We have three choices for implementations for Int/Long/Double/Stream.generate. Note that the expectation is Stream.generate will be used in conjunction with a short-circuiting operation, such as limit, and generate serves as the implementation for generating streams of random numbers with Random.

The 3 choices:

1) infinite, ordered, iterator-based, right-balanced tree

This is the current state of affairs and tends to parallelize poorly due to it being iterator-based, which results in the production of right-balanced (unbalanced) trees. 

Infinite is potentially a desirable property, but infinite and right-balanced combined are a poor combination.

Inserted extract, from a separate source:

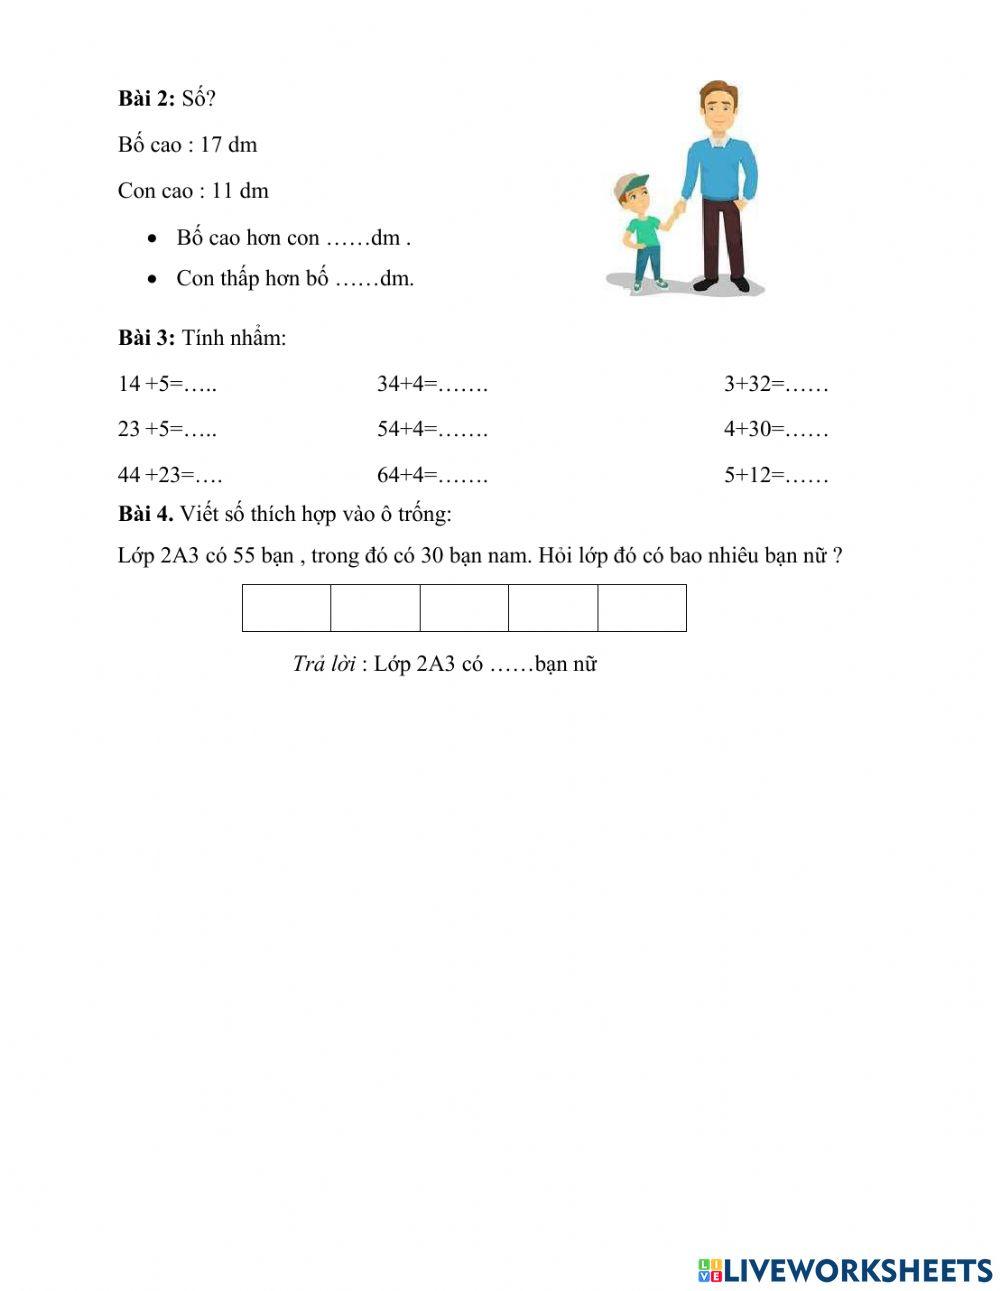 Bài tập ôn tập toán cuối tuần 4 - lớp 2

Ordered is not intrinsically bad. It depends on what constraints are applied to invoking the supplier. If the constraint is the supplier may be called concurrently or in no particular order then the stream should not report any encounter order since non-deterministic results could be produced, contradicting that the stream has an encounter order.

Consider this example:

  LongStream.range(0, Long.MAX_VALUE).parallel().map(i -> supplier.get());

The stream input to the map has an encounter but the supplier is called in a temporal order, so the elements in the stream output from the map will be jumbled up in no particular order.

It just so happens for 1) that the supplier is not called concurrently, this is a consequence of being an iterator-based supplier.

2) finite of known size, unordered, using LongStream.range(0, Long.MAX_VALUE).map(i -> s.get()).unordered()

A maximum of Long.MAX_VALUE elements will be generated.

We need to explicitly make the stream unordered, since map, reasonably, preserves order, assuming there is a correlation between the input and output.

This implementation can now be combined with limit with out throwing OOMEs, since we recently optimized limit with sized streams in the lambda repo.

3) infinite, unordered, using infinite supplying spliterator

This can also be combined with limit with out throwing OOMEs, pending changes to the limit implementation (I have a patch).  Previously i thought it would be tricky but Brian and I have managed to optimize the limit case for unordered streams.

I like the fact that 3) is now possible :-) there is a price to be paid though for limiting since it requires some buffering of elements and CASing on an AtomicLong (optimistically buffering reduces the number of CASes). 2) requires no buffering or use of concurrent data structures.

So... i think it primarily comes down to: 

  finite; or infinite with some extra cost

?

Is Long.MAX_VALUE generated elements sufficient for most needs?

FWIW perhaps an infinite source of generated values makes more sense if there were additional ways of short-circuiting such as cancellation (as we previously had and could add back) or if there are a limitWhile/takeWhile operations.

Paul.